The file is created if missing, is tiny (up to 64 bytes in the
current format, with legacy 8-byte files migrated at startup),
and resides in a directory the dflockd user can write. dflockd
takes an exclusive advisory lock on the file (flock(2) on Unix)
so two instances cannot safely share one fence state path. On
clean shutdown the file is closed (FD released); the durable
state is already on disk at that point.
TLS and authentication¶
| Flag | Env | Default | Description |
|---|---|---|---|
--tls-cert |
DFLOCKD_TLS_CERT |
(unset) | TLS certificate file (PEM) |
--tls-key |
DFLOCKD_TLS_KEY |
(unset) | TLS private key file (PEM) |
--auth-token |
DFLOCKD_AUTH_TOKEN |
(unset) | Shared secret (visible in ps; prefer the -file form) |
--auth-token-file |
DFLOCKD_AUTH_TOKEN_FILE |
(unset) | File containing the token (one line, trailing whitespace stripped) |
--tls-cert and --tls-key must be set together or both unset.

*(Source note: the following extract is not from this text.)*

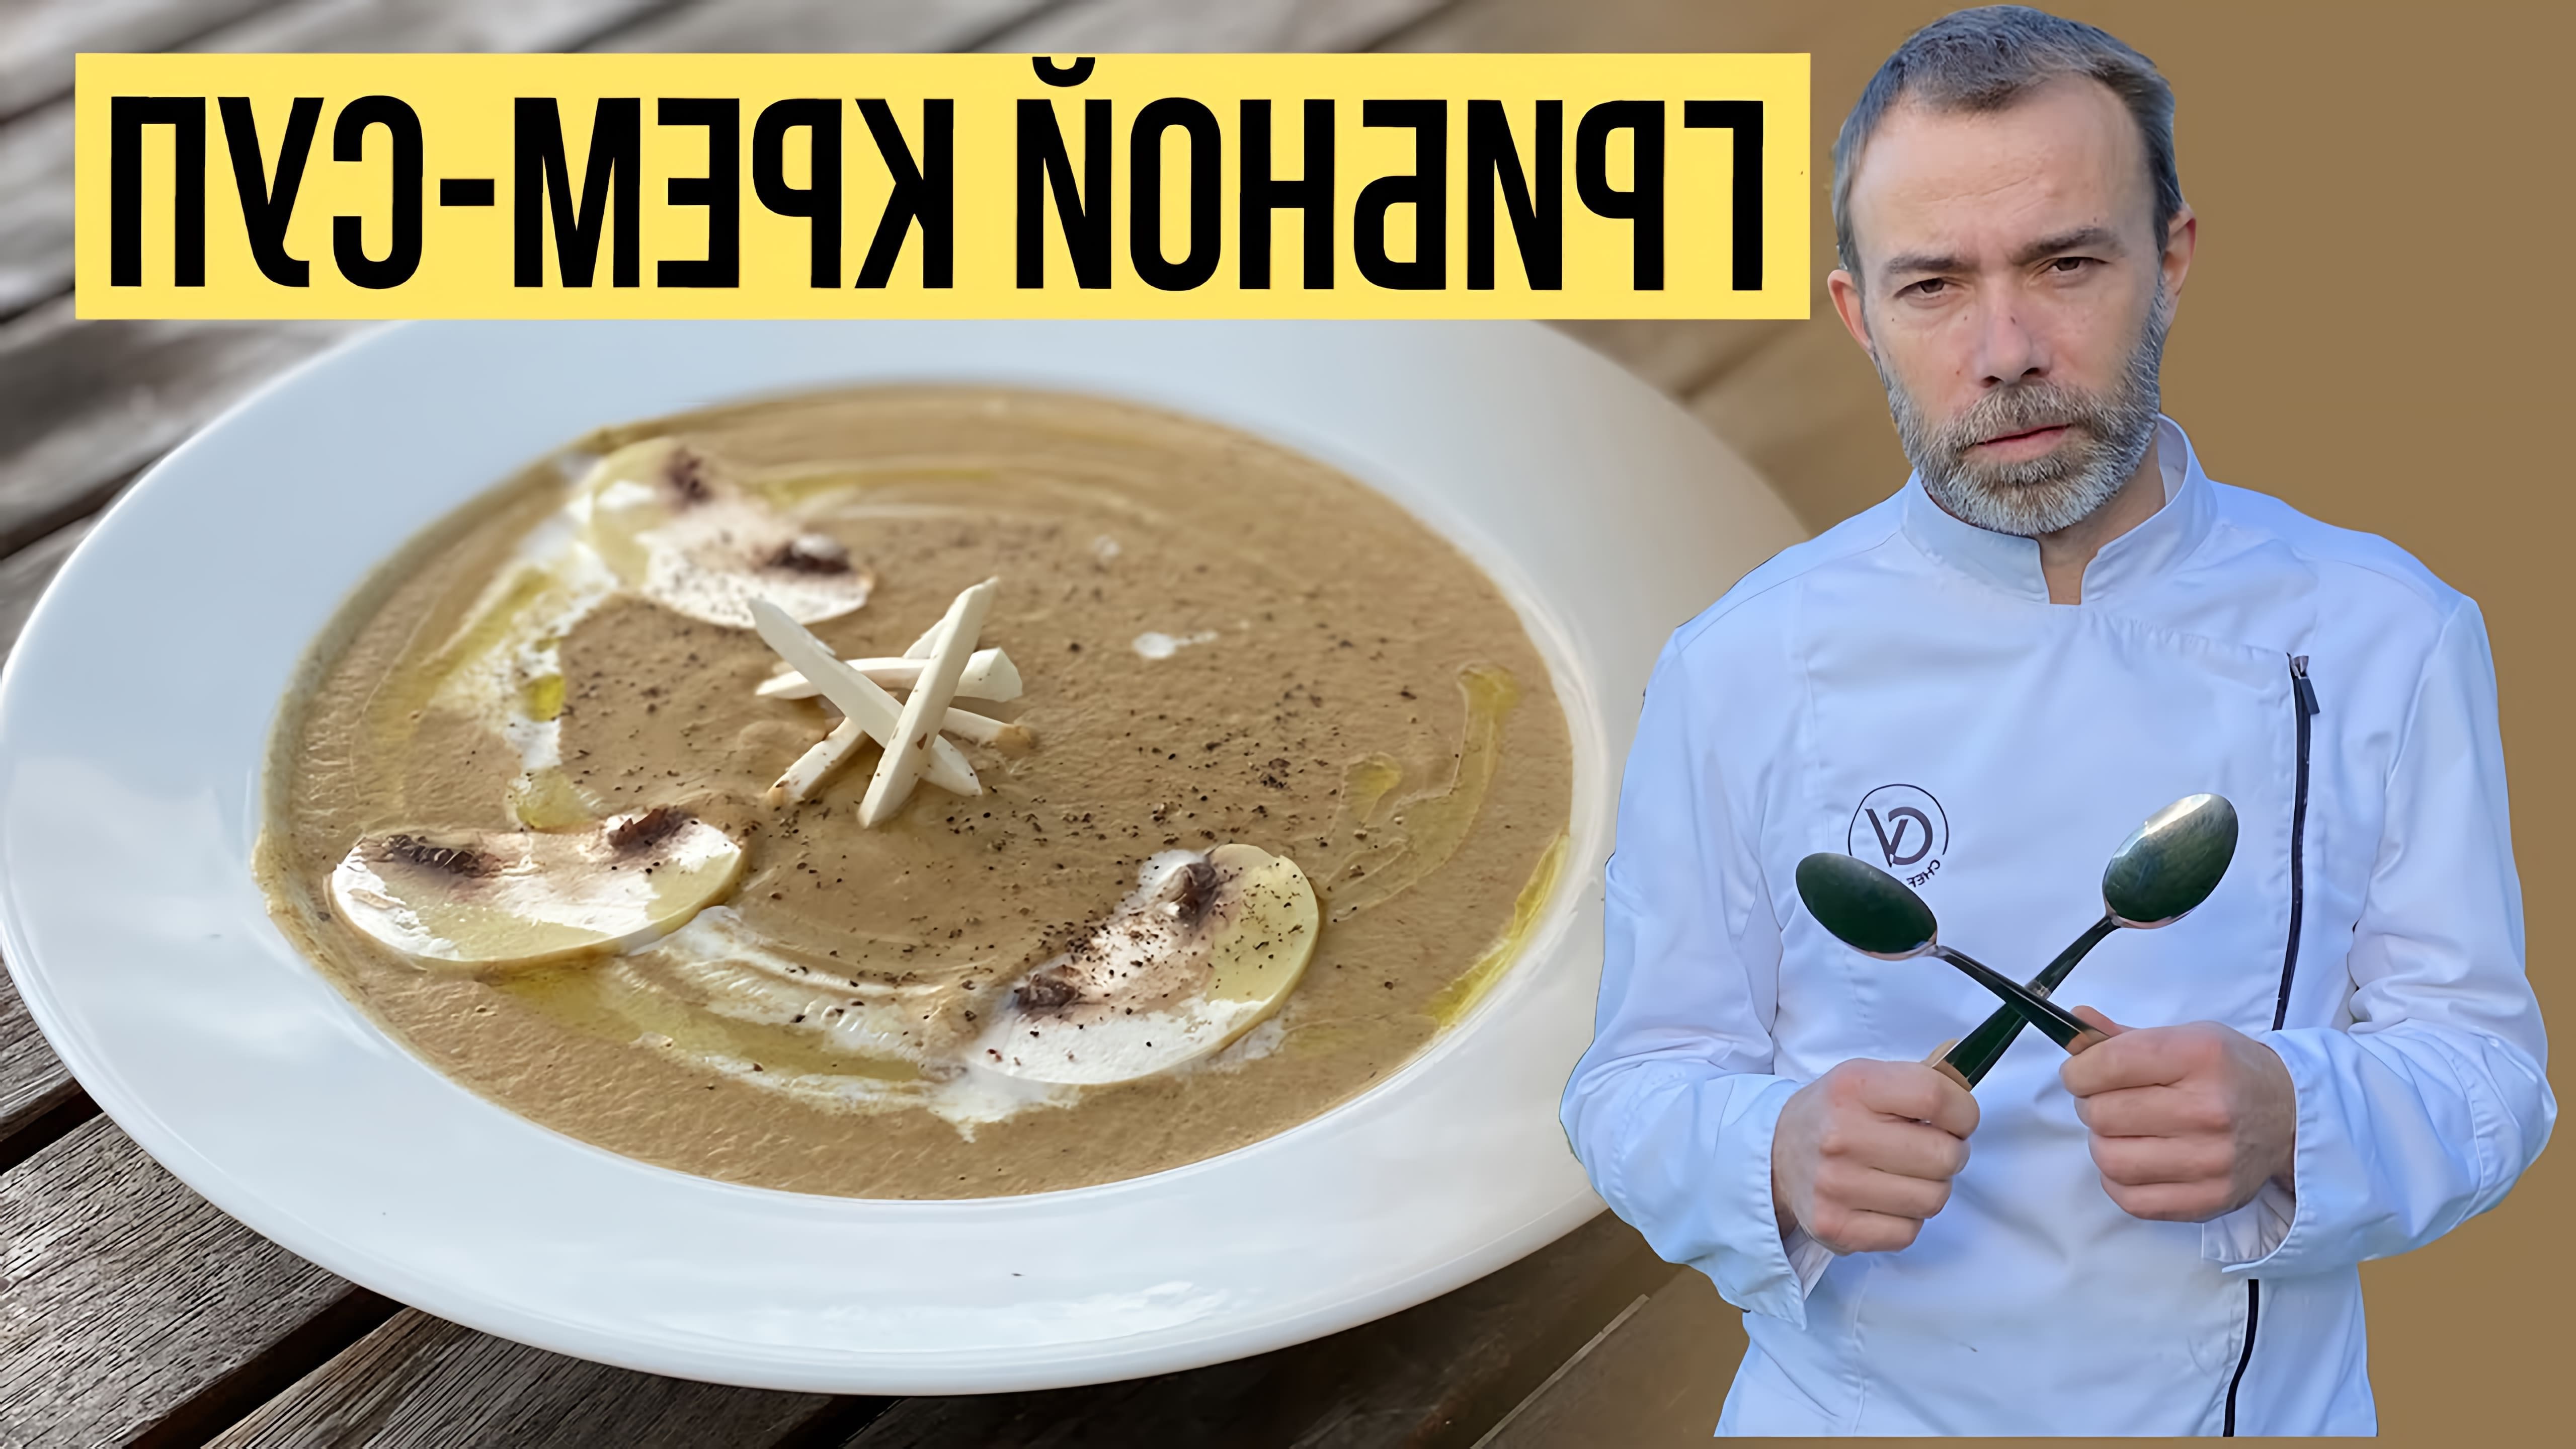 В этом видео-ролике будет показан рецепт приготовления грибного супа-пюре по французскому рецепту

The same cert/key is used for the TCP listener and the HTTP
listener (when enabled). TLS 1.2 is the minimum.
Auth is a single shared secret compared in constant time:
- TCP: the first command on a new connection must be
auth\n_\n<token>\n. Anything else getserror_auth. - HTTP: every request must carry
Authorization: Bearer <token>, except/health,/ready, and/v1/openapi.json.

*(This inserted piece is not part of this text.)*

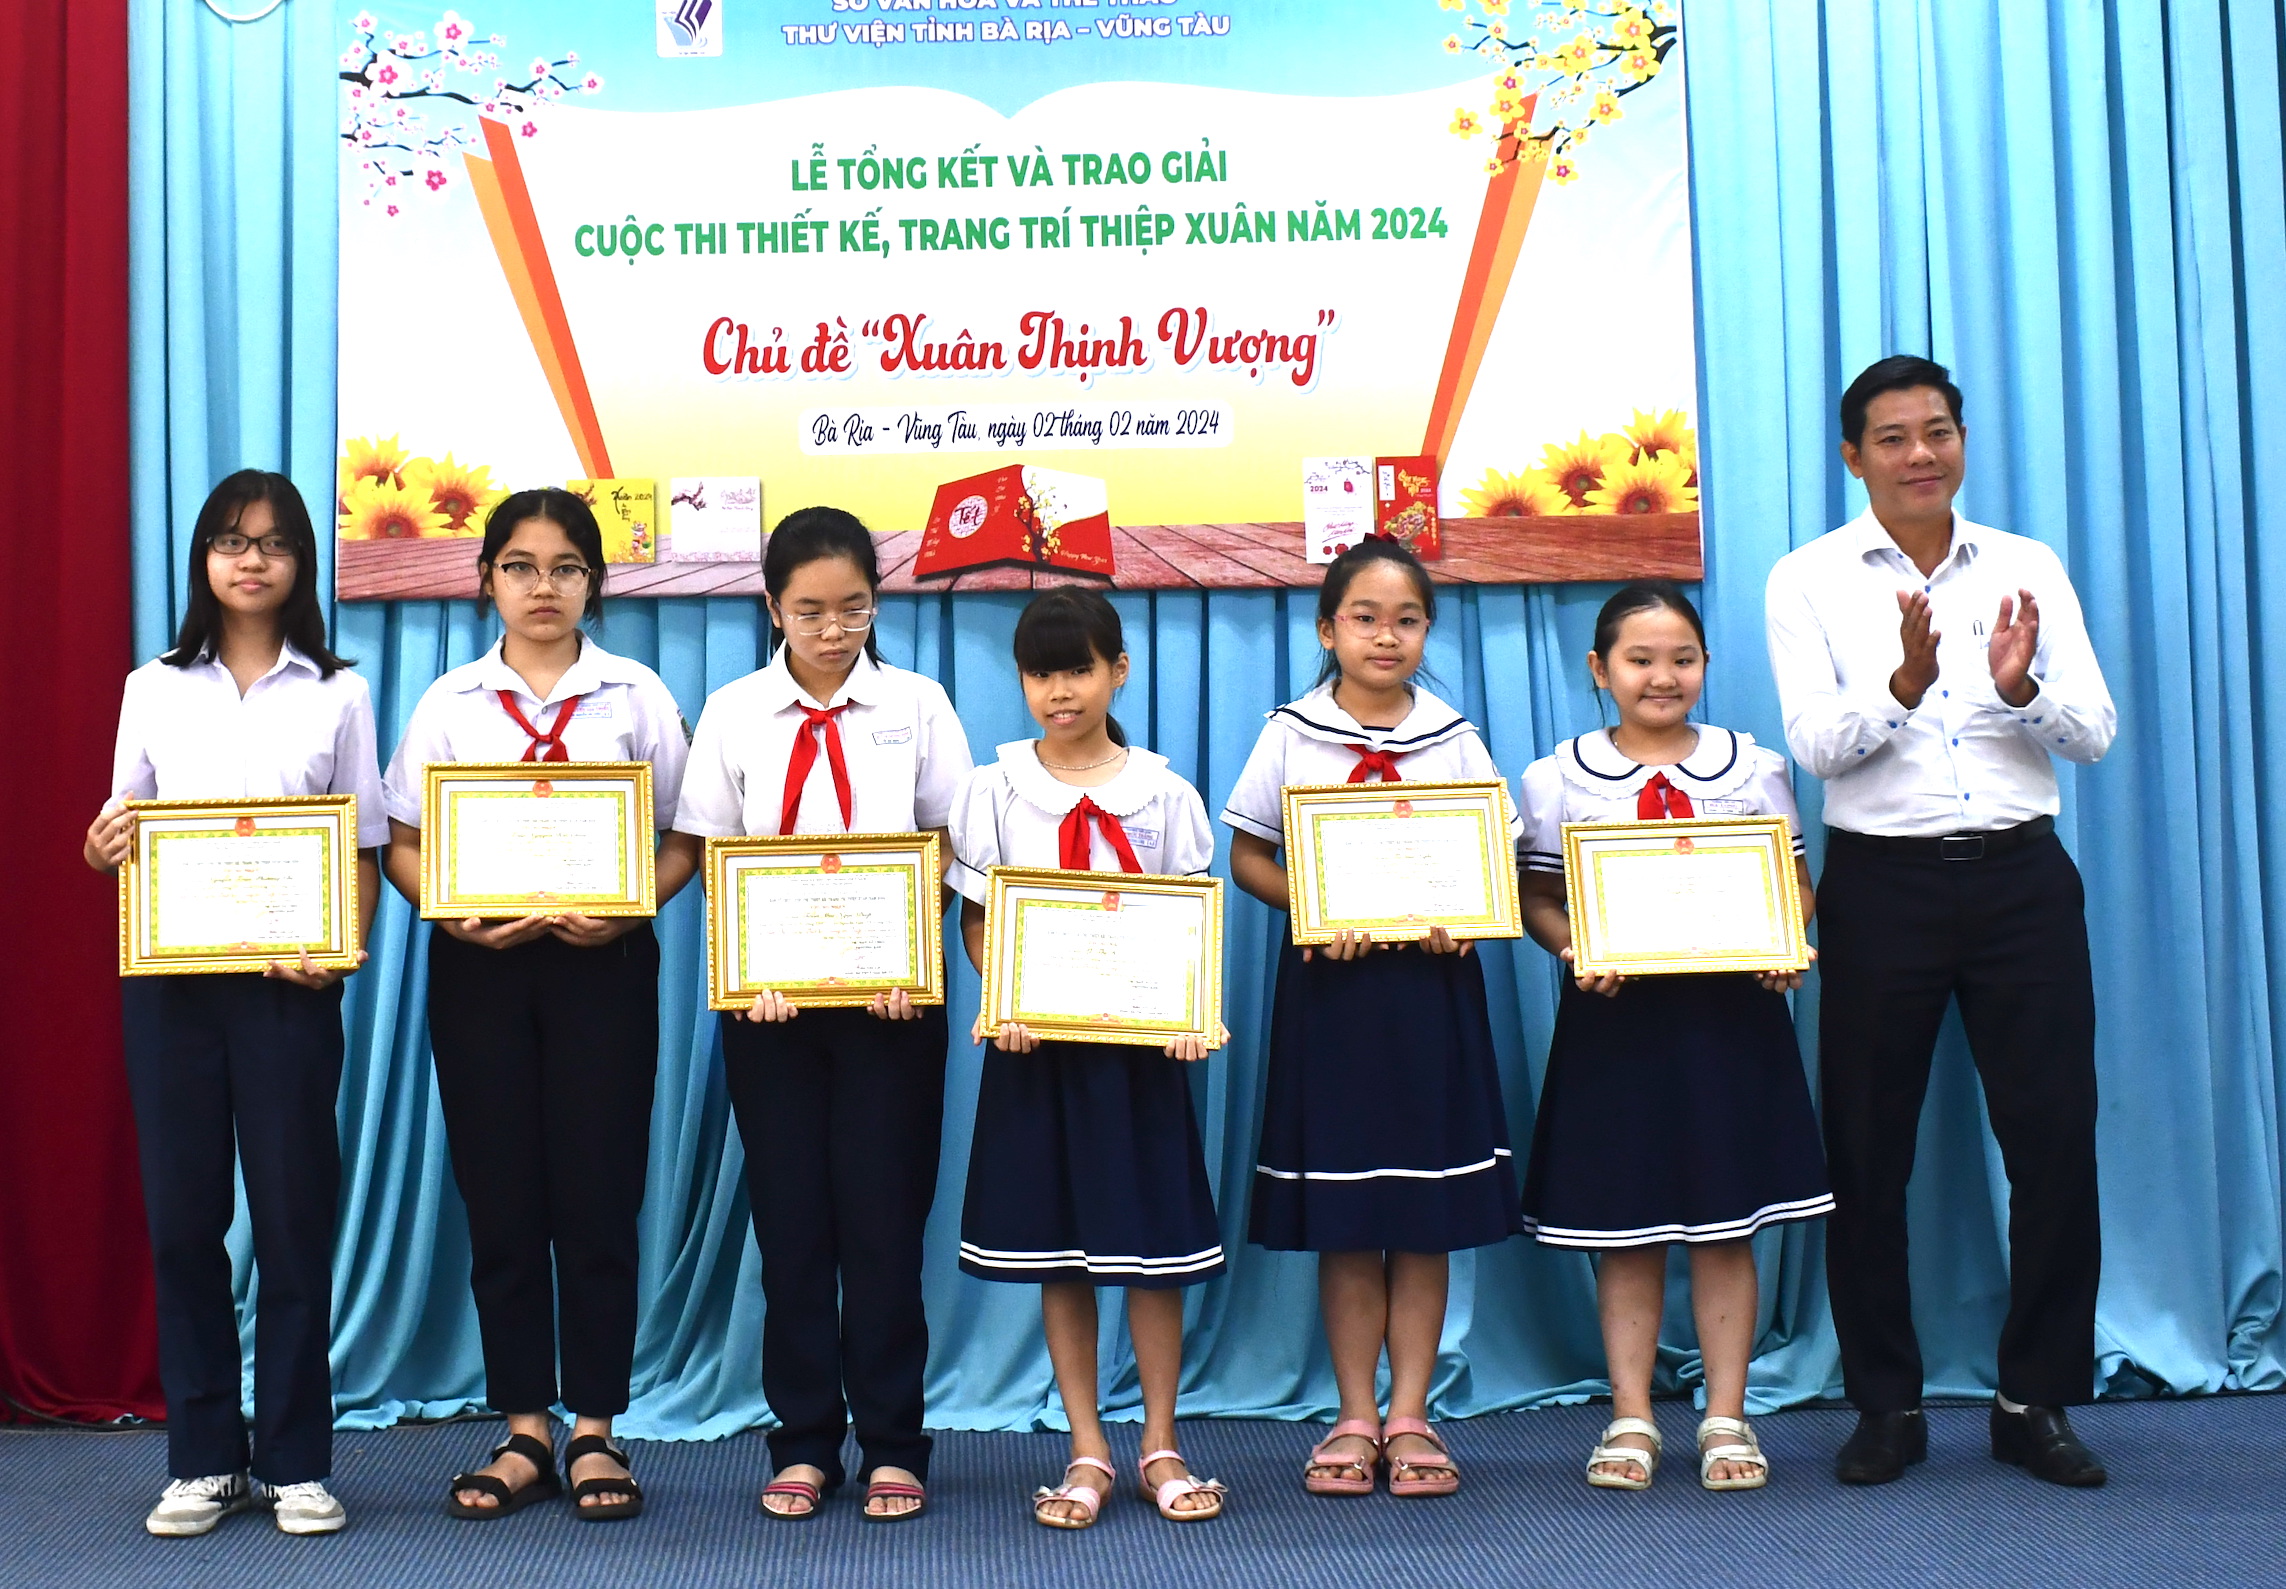 Ông Trần Công Sơn, Giám đốc Thư viện tỉnh trao giải đến các thí sinh đạt giải bảng dành cho HS.

Auth-token resolution order:
--auth-token(if explicitly set on the CLI)--auth-token-file(if explicitly set on the CLI)DFLOCKD_AUTH_TOKENDFLOCKD_AUTH_TOKEN_FILE
Newlines in tokens are rejected at startup.
HTTP REST API¶
The HTTP listener is opt-in. --http-port=0 (the default) disables
it; any non-zero port enables it on --http-host (which defaults to
--host).
| Flag | Env | Default | Description |
|---|---|---|---|
--http-port |
DFLOCKD_HTTP_PORT |
0 (disabled) |
HTTP listen port |
--http-host |
DFLOCKD_HTTP_HOST |
same as --host |
HTTP bind address |
--http-session-idle-timeout |
DFLOCKD_HTTP_SESSION_IDLE_S |
20 |
Idle timeout reported to clients |
--http-max-sessions |
DFLOCKD_HTTP_MAX_SESSIONS |
0 |
Cap on concurrent HTTP sessions |
--http-max-sessions-per-ip |
DFLOCKD_HTTP_MAX_SESSIONS_PER_IP |
0 |
Per-IP session cap |
--http-max-connections-per-ip |
DFLOCKD_HTTP_MAX_CONNECTIONS_PER_IP |
0 |
Per-IP transport-conn cap |
--http-rate-limit-per-ip |
DFLOCKD_HTTP_RATE_LIMIT_PER_IP |
0 |
Token-bucket rate per IP (req/s) |
--http-rate-limit-burst |
DFLOCKD_HTTP_RATE_LIMIT_BURST |
0 |
Bucket burst (defaults to rate when rate is set) |
--http-cors-allowed-origins |
DFLOCKD_HTTP_CORS_ALLOWED_ORIGINS |
(disabled) | Comma-separated origins; * allows any |
The session sweeper reaps any session whose lastSeen falls behind
2× --http-session-idle-timeout. In-flight requests (held via
BeginRequest) are immune to reaping for the duration of the
request, so a long-poll /wait won't be killed mid-flight.
When either listener is bound beyond loopback, startup logs a warning for unbounded DoS-relevant limits, including HTTP session, per-IP session, transport connection, and rate limits.
Diagnostics¶
| Flag | Env | Default | Description |
|---|---|---|---|
--debug |
DFLOCKD_DEBUG |
false |
Enable debug-level logs |
--version |
— | — | Print version and exit |
Logs are slog text format on stderr.
Operational endpoints¶
When --http-port is set:
GET /health— unauthenticated. Returns{"status":"ok"}.GET /ready— unauthenticated. Returns{"status":"draining"}with HTTP 503 during graceful shutdown; otherwise{"status":"ok"}.GET /metrics— Prometheus exposition. Includes per-route request counts/durations and lock-manager gauges. Unlike/healthand/ready, this endpoint is not exempt from--auth-tokenor--http-rate-limit-per-ip, so a scraper needs the bearer token (when configured) and must stay under the rate limit.GET /v1/openapi.json— unauthenticated. Serves the embedded OpenAPI 3.1 spec for codegen tools.
Graceful shutdown¶
SIGINT or SIGTERM cancels the parent context. Both listeners stop
accepting new connections; in-flight handlers run to completion
bounded by --shutdown-timeout. A timeout expiry force-closes
remaining connections so the process can exit. Set
--shutdown-timeout=0 to wait forever.